> **Information supplied**:
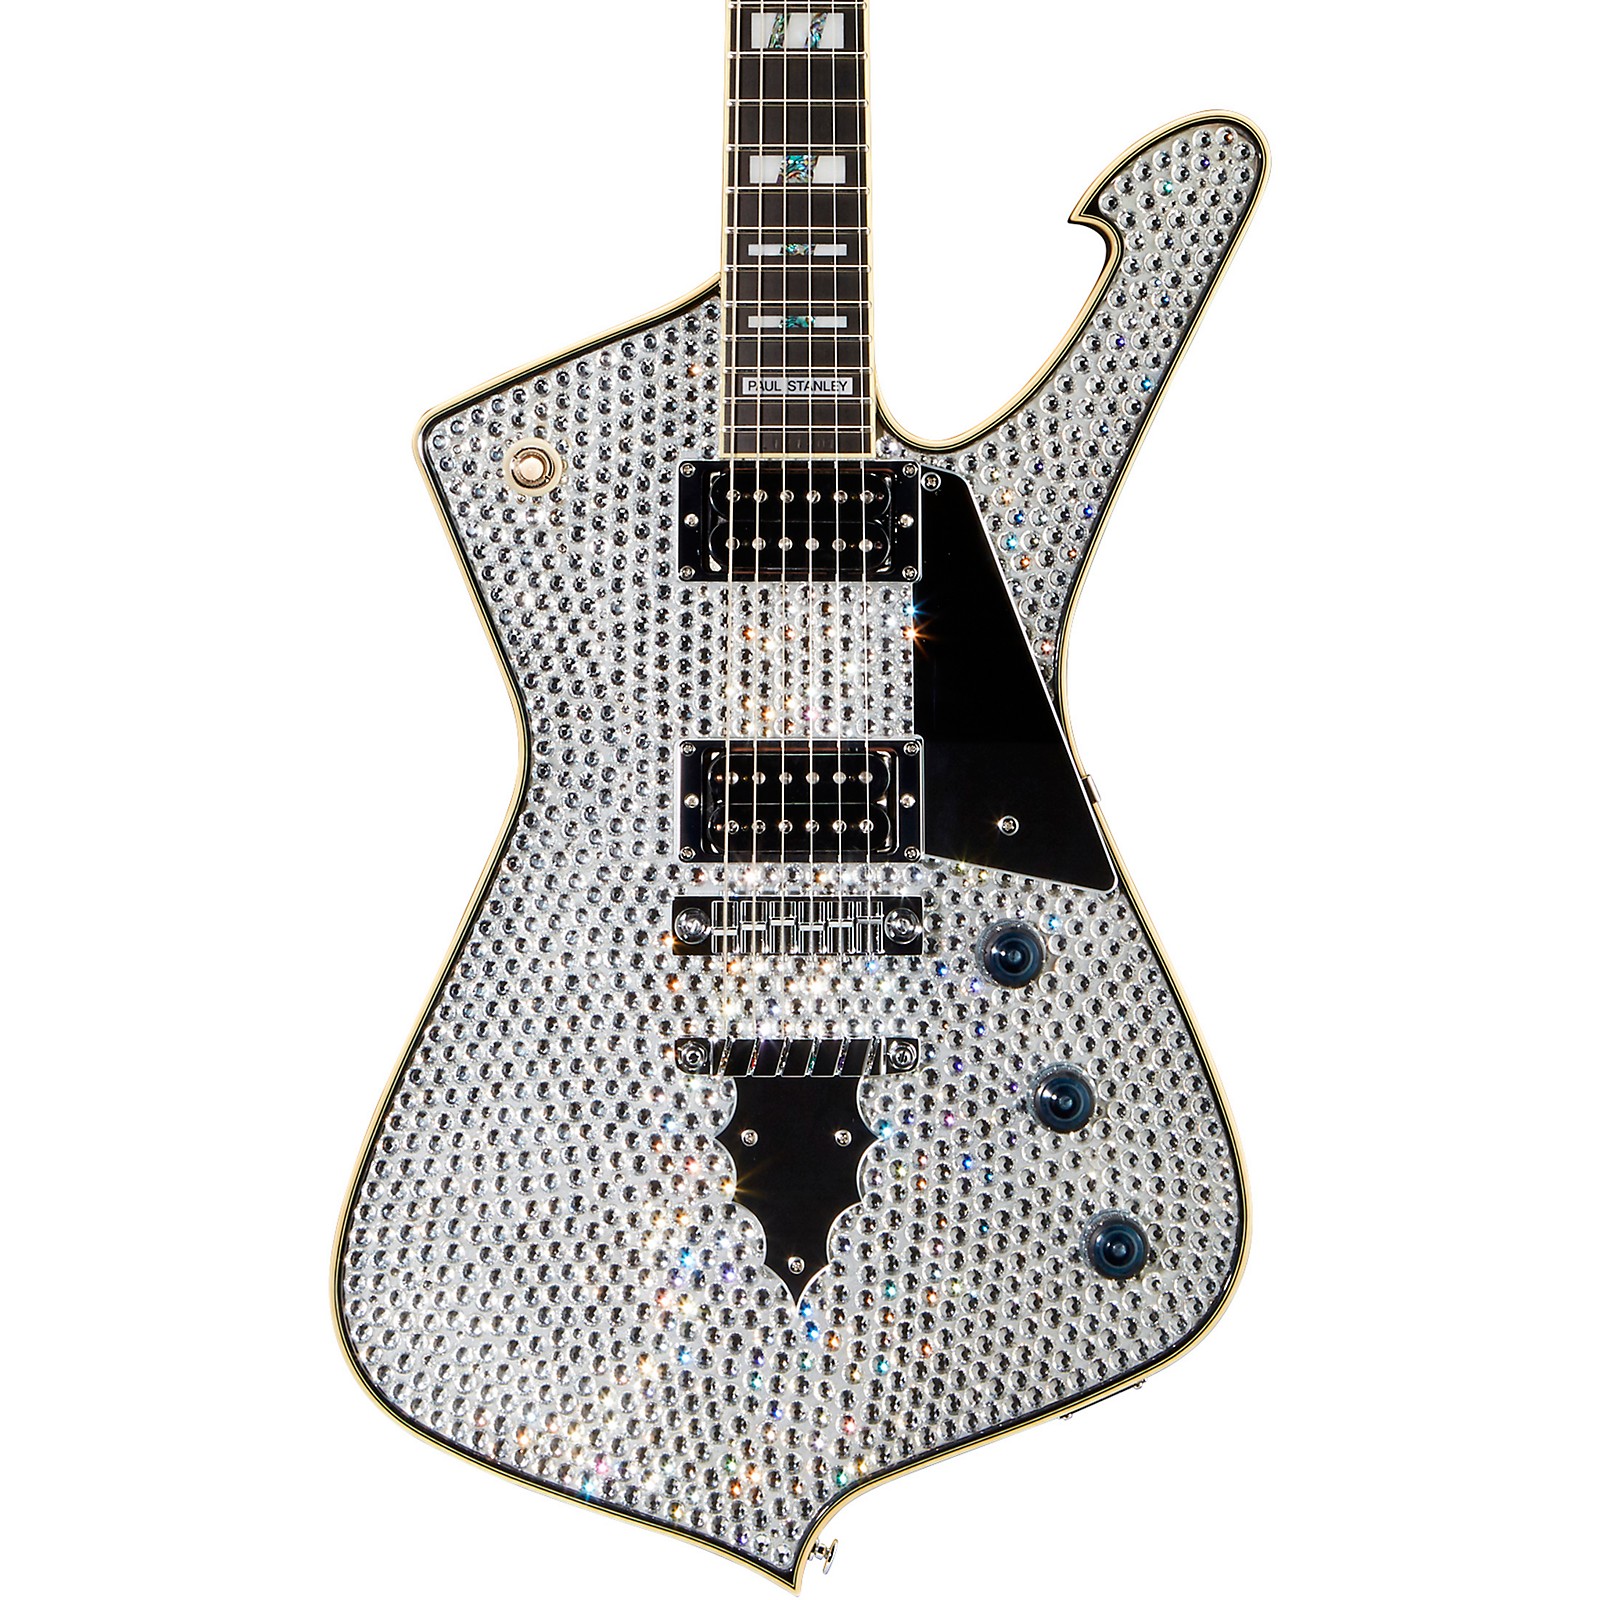 Ibanez Ps1dm Paul Stanley Signature Electric Guitar Chrome Silver Musicians Friend
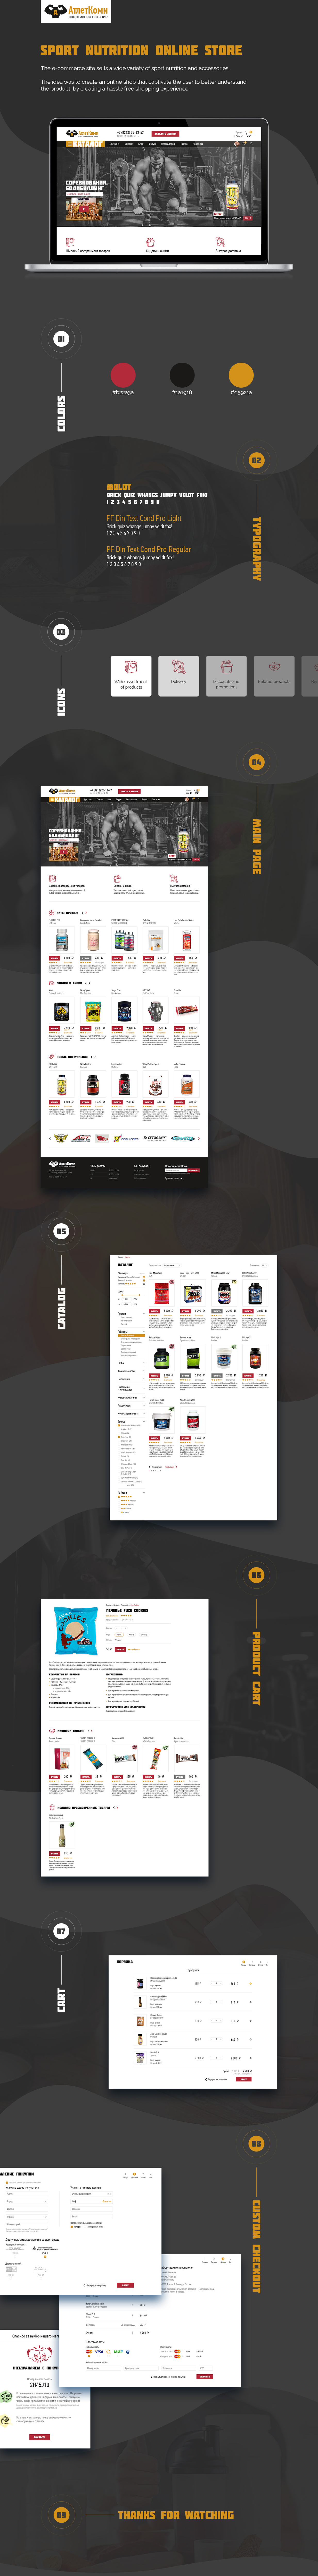 Web UI ux online store sport Web Design 
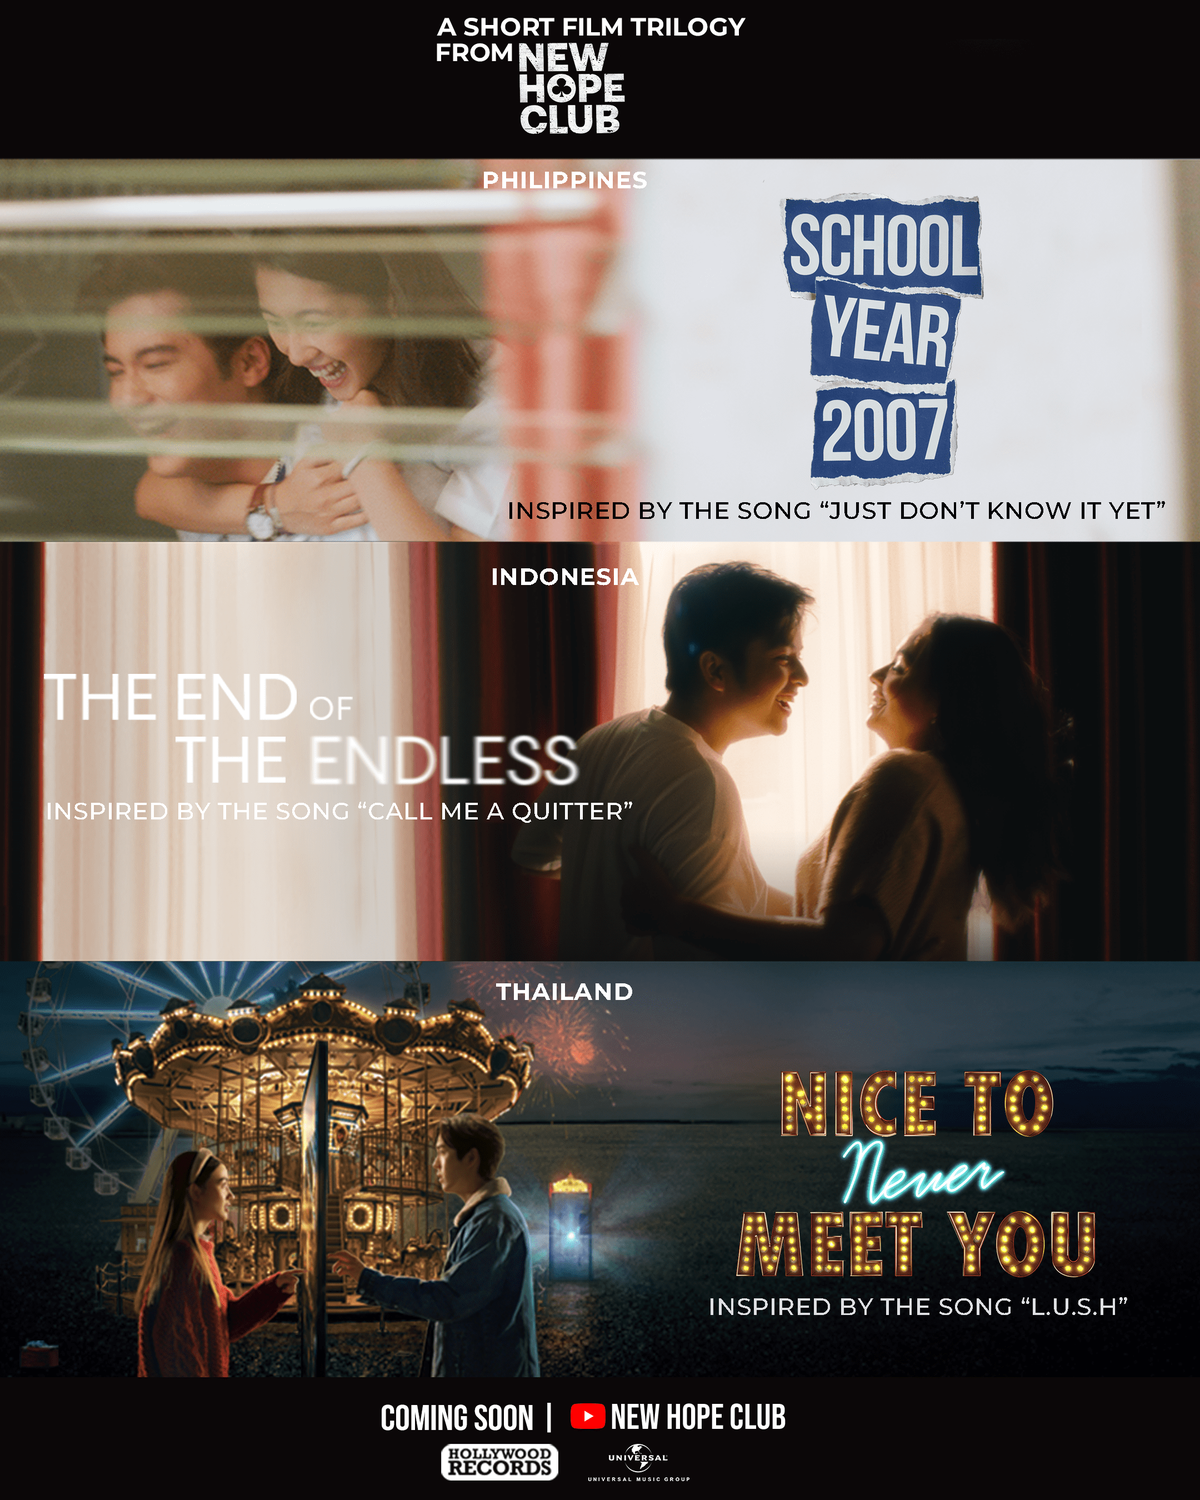 โปรเจ็กต์หนังสั้นสุดอบอุ่น 3 เรื่องจาก ไทย อินโดนีเซีย และฟิลิปปินส์ ที่ได้แรงบันดาลใจจาก 3 เพลงรักของ 3 หนุ่ม New Hope

> **Task prompt**: From the first line to the last, reproduce the listing above exactly, leaving the pictures out.

> **Exercise answer**:
 Ibanez Ps1dm Paul Stanley Signature Electric Guitar Chrome Silver Musicians Friend
 Web UI ux online store sport Web Design 
 โปรเจ็กต์หนังสั้นสุดอบอุ่น 3 เรื่องจาก ไทย อินโดนีเซีย และฟิลิปปินส์ ที่ได้แรงบันดาลใจจาก 3 เพลงรักของ 3 หนุ่ม New Hope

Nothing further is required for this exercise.